The very first time I stepped foot in a Unitarian Universalist church was to give a lay sermon on Unitarian Piety. Invited by a couple I had met through a public library book group, I was then an Episcopalian but had read, studied and loved the 19th century Unitarians (the Boston Unitarians) for years. I was listened to respectfully but remember the looks on most of the people's faces who clearly thought I was bringing a message from another planet. I thought of this yesterday when Bill Baar used the words of James Freeman Clarke on Piety to illuminate the massive contrast between the Unitarianism of our past and the UUism of our present. I appreciated that because all these years later, it is still my "mission" to put forward our rich and wonderful history as well as to promote a way of being religious that is so important to my life.

I have also sought to do so with respect. A defining trait of the "Boston Unitarians" though, of course, one not universally shared-one thinks especially of Andrews Norton and Theodore Parker, was their lack of desire to engage in vilification and extreme partisanship.

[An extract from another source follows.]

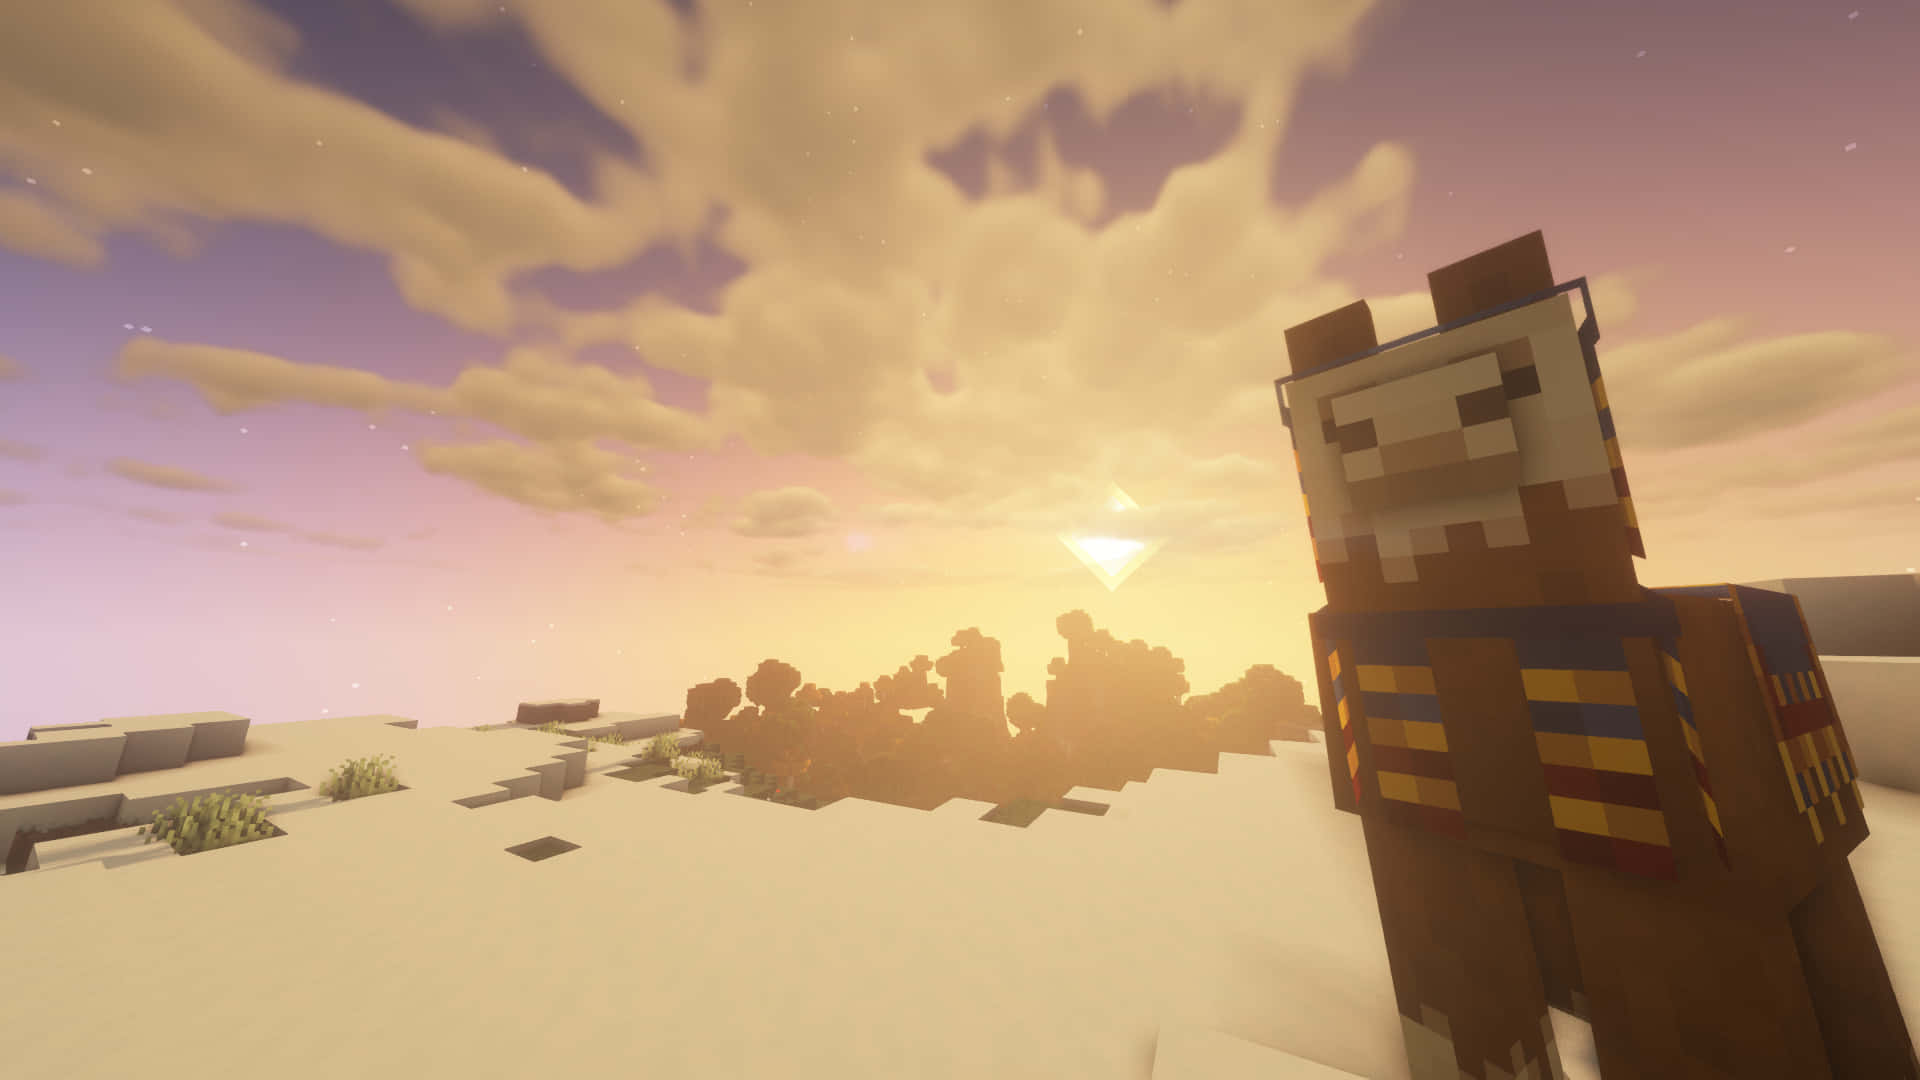 Bestauneden Herrlichen Minecraft Sonnenuntergang. Wallpaper
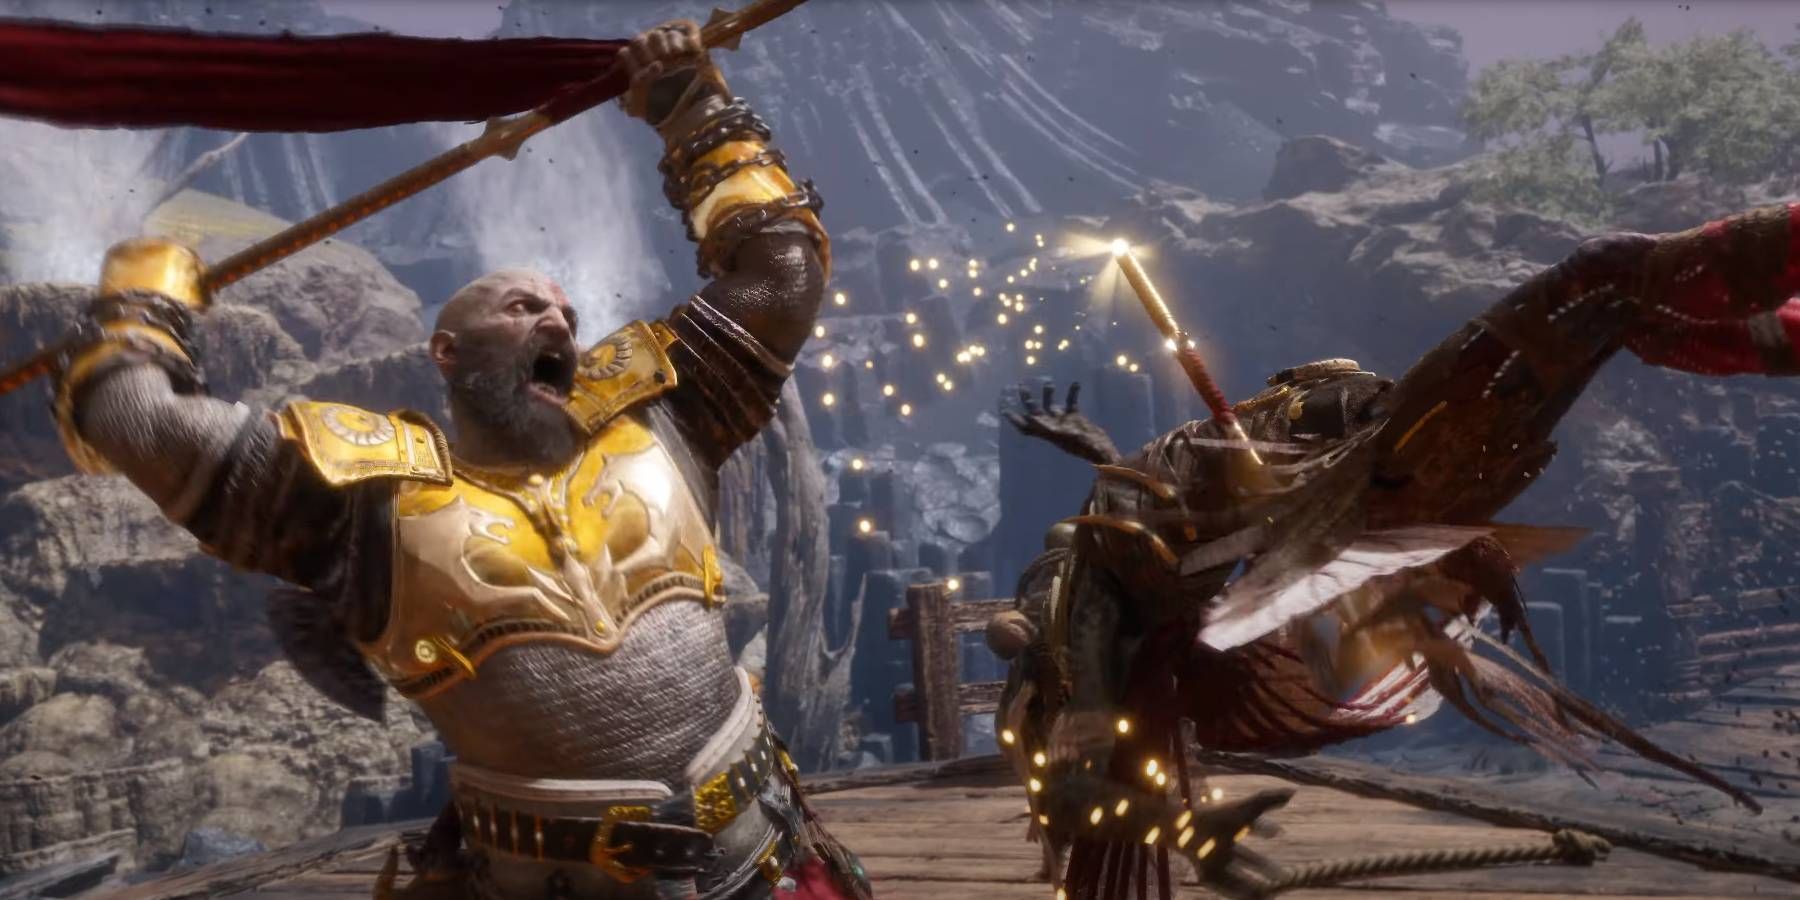 God of War Ragnarok Valhalla Kratos About to Impale Enemy with Draupnir Spear Weapon

James Freeman Clarke provides a good example of why...

"THE conservatives in our community are a well-disposed set of men, meaning to be just, but, instead of making themselves acquainted with the spirit and motives of reformers, they avoid them, and refuse to associate with them. Instead of noticing the proposition, they impute a bad motive to the proposer. They say that the man is a demagogue; that he seeks notoriety; that he wants office, he wants money. Many others are led by their example into a like unreasoning scorn and invective.
But, if conservatives understand the art of scolding, reformers understand it likewise. This habit has grown to be one of the chief obstacles in the way of reform. A man who is not a reformer goes into some reform meeting, wishing to hear a calm, strong statement of the evils under consideration, the steps tp be taken, practical measures to be discussed, and the duties of friends of the cause. Instead of this, he often hears ridicule and sarcasm against the churches, and sharp witticisms against every person of influence who is supposed not to sympathize with the reformer. He sees neither justice nor wisdom in this torrent of invective, and he is repelled by it. Meantime this is what is most liked and applauded by the reformers themselves. The man who says the sharpest thing is the favorite orator. And, as each class of reformers talk only with each other, this habit increases all the time; and so you have, instead of a great league made up of all the friends of truth, a little coterie who spend their time in scolding, and a great public which goes on its way indifferent to the whole subject."

Not a bad description of what politics and religion has become in America. Its long been my belief that, in their lives and words, people like Clarke and Channing had the only real antidote.